Start making all our own pasta
Fail! And all due to the unwillingness to invest in a pasta maker or attachment for the KitchenAid.

Plant, harvest, and preserve more vegetables from the garden
Win! We enlarged the garden by a quarter this year and got a really good crop of tomatoes, lettuce, peas, and carrots. We had a surprise cucumber plant emerge three months after we’d planted the seeds. The potatoes really worked well this summer, too, and they were delicious, although we didn’t’ get anything like a big yield (better than last year’s afterthought experiment, though). Our green onions did well too, but they were so small that it was hard to use them. It felt like I was wasting more than I actually got into the pot. Perhaps not the most efficient of crops; maybe full-size onions next year.

Save more money
Well, debt accumulation has been stopped in its tracks, but paying it off is happening very, very slowly. Part of this has to do with my income readjusting, since I no longer consult with the publisher and get large chunks of money as a result; I get smaller amounts trickling in on a pretty regular basis.


Wishes for 2010:

1. Further focus my energy on a smaller group of friends. This means narrowing my online circles as well as real life. I just don’t have the energy or the time; I can’t help or support everyone.
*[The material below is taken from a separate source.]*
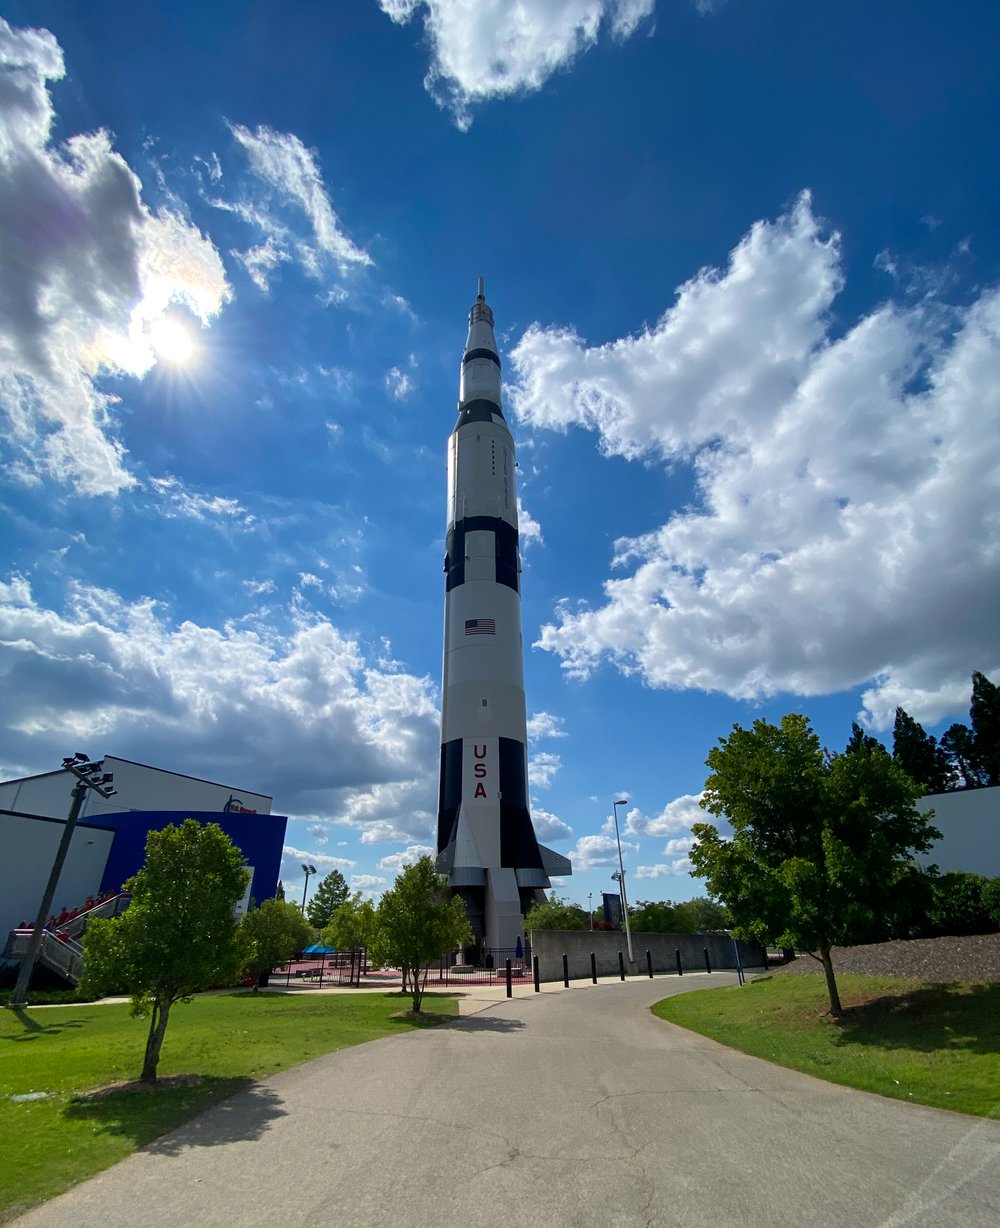 Rocket Center at Huntsville, AL

HRH has already begun doing this in his own way. It’s not that I don’t like certain people with whom I’m easing myself out of a closer sphere of interaction; it’s mostly that I can see there are people who end up causing me exhaustion both mental and emotional, whether I enjoy interacting with them or not (and that covers both online and/or off).

2. Focus on my spinning. I going to let this be my relaxing thing for the year, and I’m not going to worry about using what I spin. A couple of months ago I decided that in early 2010 I’d open an Etsy shop and list stuff there as I spin it, and hey, if it sells, then I recoup the money for the fibre and some of the time, and I get to do more. It’s the process I love, not the product to be used for a specific project of mine. (Actually, I do love the product; I adore looking at skeins of yarn I’ve spun, and petting them, too. I just don’t want to be saddled with piles of them that I’ll never use.)

In Summary:

If I had to assign a value to 2009, I’d say that again, it’s been an overall good year. Watching the boy grow and develop in leaps and bounds (if one more person tells me that he’s ahead of his peer group in language, social, and physical terms I may pull my hair out) has been fabulous. HRH got his permanency, which means barring humungous disaster, we’ll be okay for the next twenty-five years as pertains to his career. We’re looking at a move to the south shore in 2010 as well, to be closer to HRH’s job and the boy’s kindergarten. I hate moving, but I’m actually looking forward to this because eof what it means to us.